The most immediate opportunity for neuroevolution in video games is to build a “mod,” a new feature or extension, to an existing game. For example, a character that is scripted in the original game can be turned into an adapting agent that gradually learns and improves as the game goes on. Or, an entirely new dimension can be added to the game, such as an intelligent assistant or tool that changes as the player progresses through the game. Such mods can make the game more interesting and fun to play. At the same time, they are easy and safe to implement from a business point of view because they do not change the original structure of the game. From the research point of view, ideas about embedded agents, adaptation, and interaction can be tested with mods in a rich, realistic game environment.

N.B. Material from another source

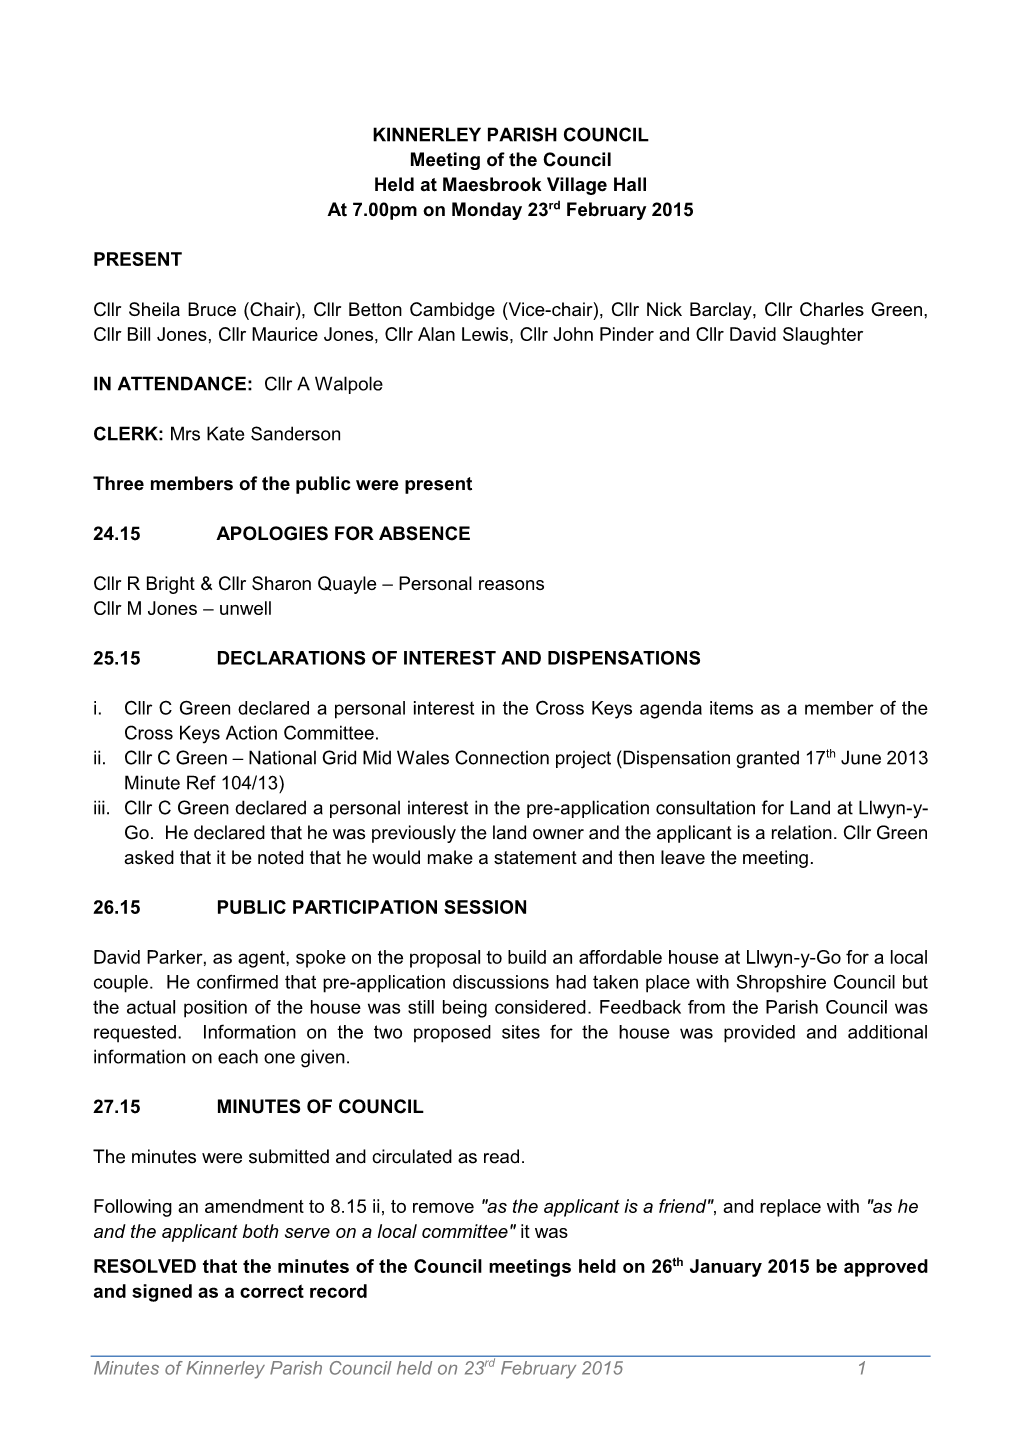 Minutes of Kinnerley Parish Council Held on 23Rd February 2015 1

With neuroevolution, however, learning can be taken well beyond game mods. Entirely new game genres can be developed, such as machine-learning games, in which the player explicitly trains game agents to perform various tasks. The fun and challenge of machine-learning games is to figure out how to take agents through successive challenges so that in the end they perform well in their chosen tasks. Games such as Tamagotchi “Virtual Pet” and Black & White “God Game” suggest that interaction with artificial agents can make for viable and entertaining games. In NERO, the third such game, the artificial agents adapt their behavior through sophisticated machine learning.
THE NERO GAME
The main idea of NERO is to put the player in the role of a trainer or drill instructor who teaches a team of agents by designing a curriculum. The agents are simulated robots that learn through rtNEAT, and the goal is to train them for military combat.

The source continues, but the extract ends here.